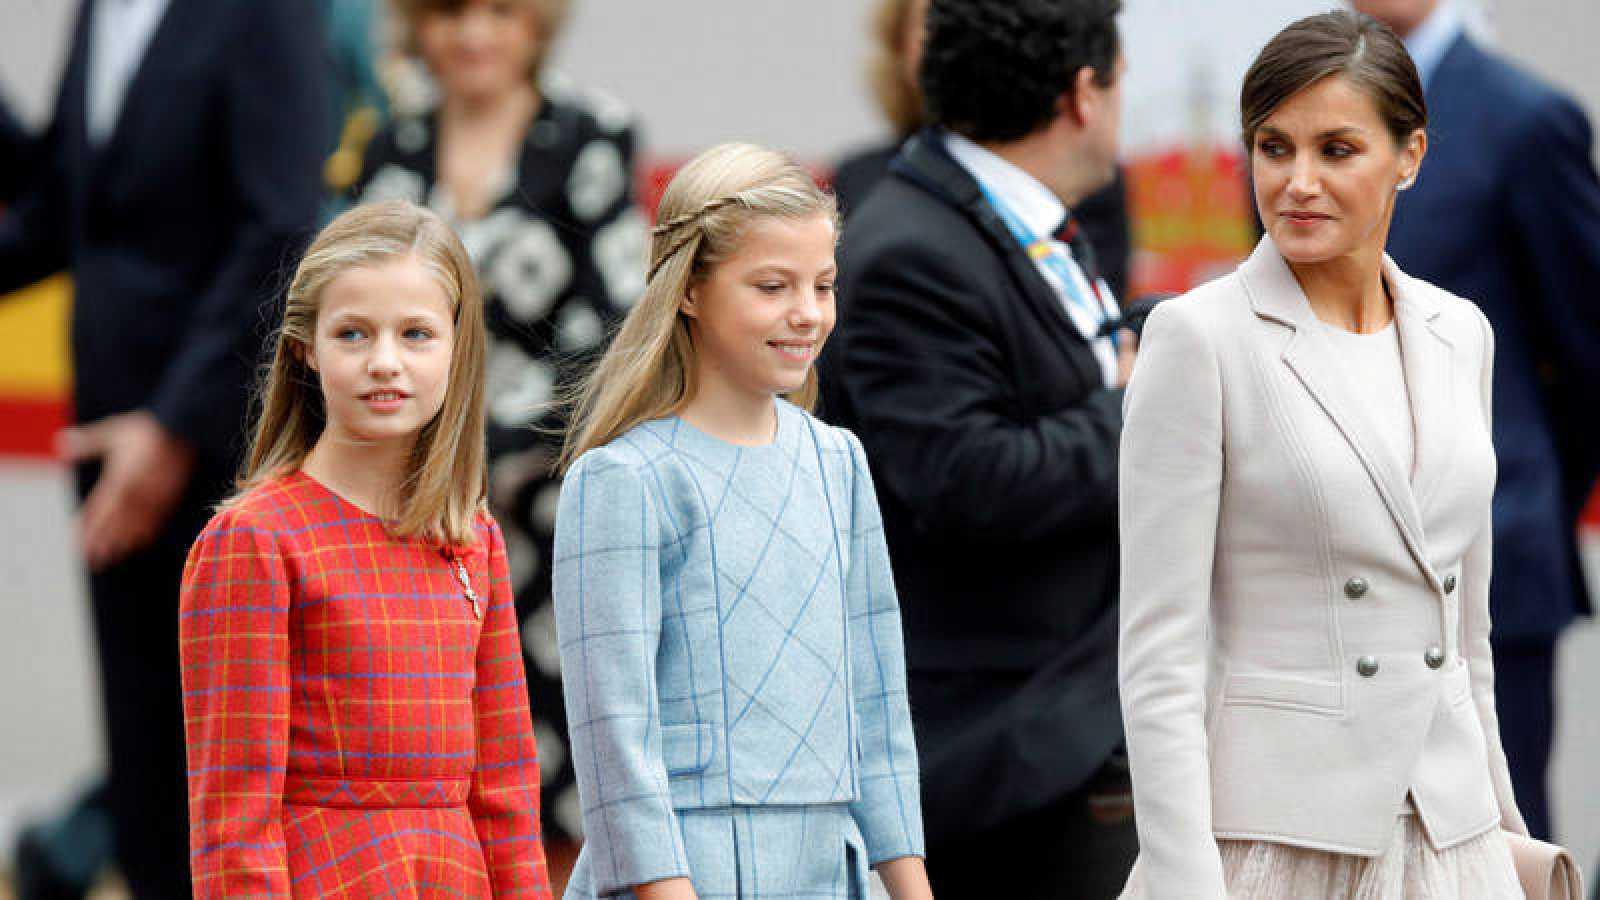 La reina Letizia, junto a sus hijas, la princesa Leonor, y la infanta Sofía, a su llegada al desfile con motivo del 12 de octubre
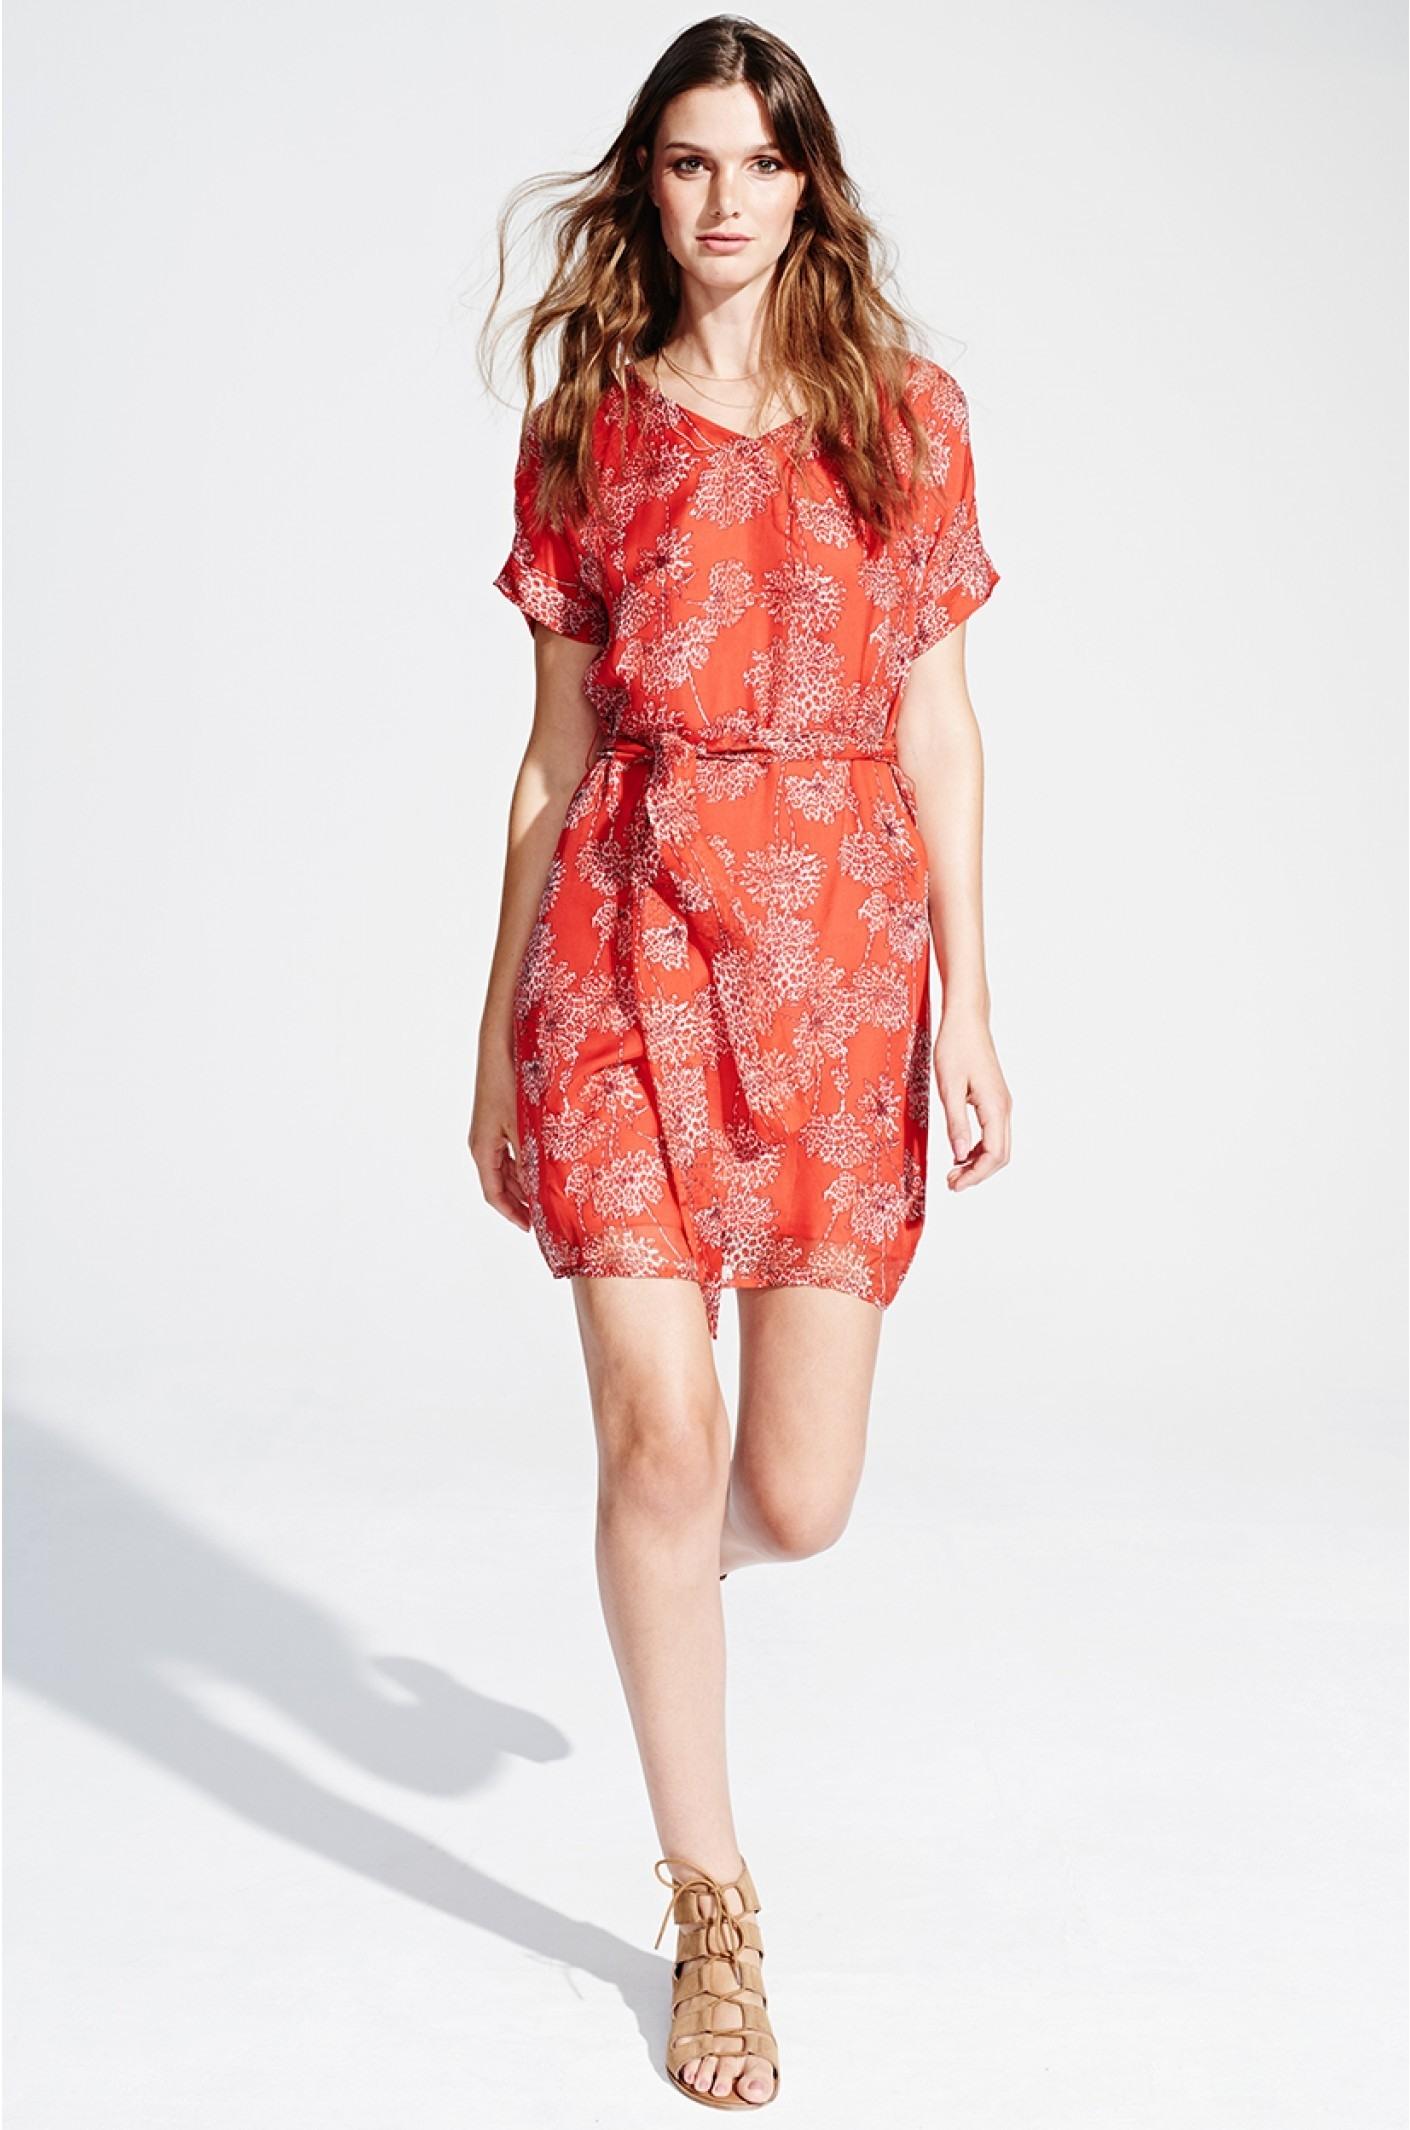 Designer Elegant Kleider Knieumspielend ÄrmelFormal Leicht Kleider Knieumspielend für 2019
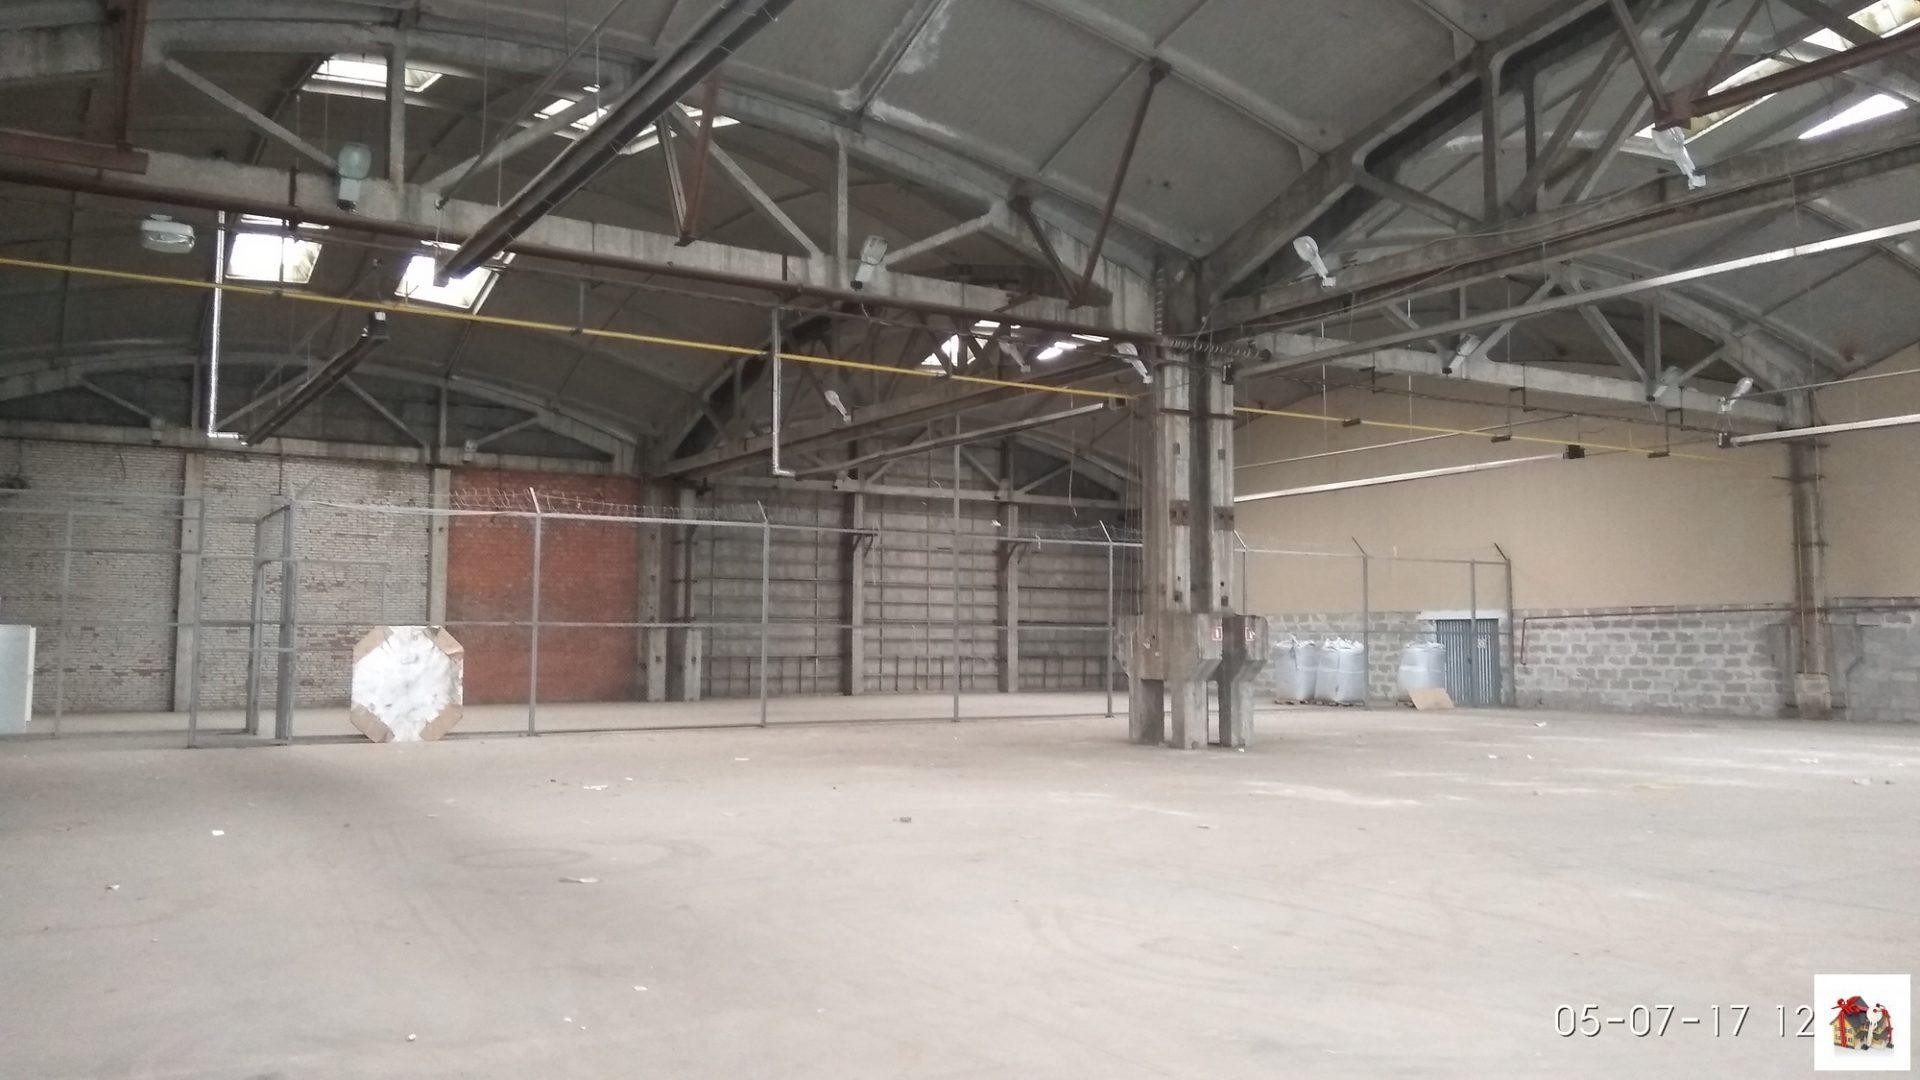 Сдается хол. склад, на ул. Софийская, 1795м2, 2эт, Можно делить частям
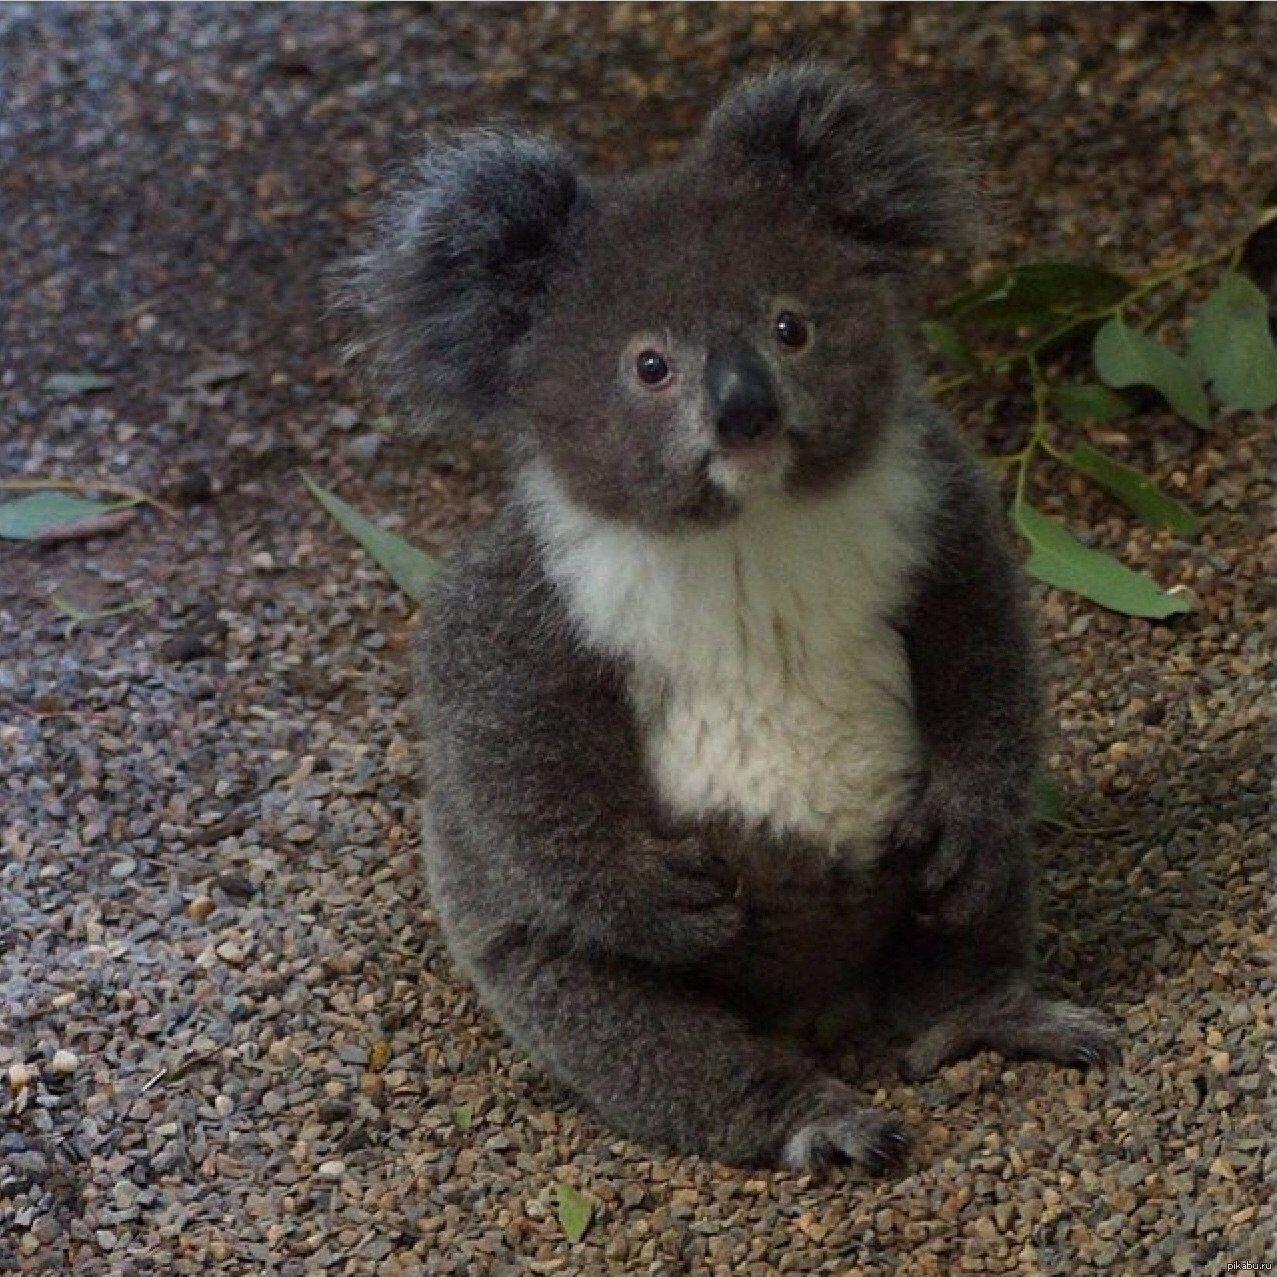 Cool Koala Bear Chubby Adorable Dog - 03fa91a8d1bc7f815a35c3dd46034d7d  You Should Have_861486  .jpg

Prompt –
Would you please set down the listing above exactly, minus its images?

Response –
 La reina Letizia, junto a sus hijas, la princesa Leonor, y la infanta Sofía, a su llegada al desfile con motivo del 12 de octubre
 Designer Elegant Kleider Knieumspielend ÄrmelFormal Leicht Kleider Knieumspielend für 2019
 Сдается хол. склад, на ул. Софийская, 1795м2, 2эт, Можно делить частям
 Cool Koala Bear Chubby Adorable Dog - 03fa91a8d1bc7f815a35c3dd46034d7d  You Should Have_861486  .jpg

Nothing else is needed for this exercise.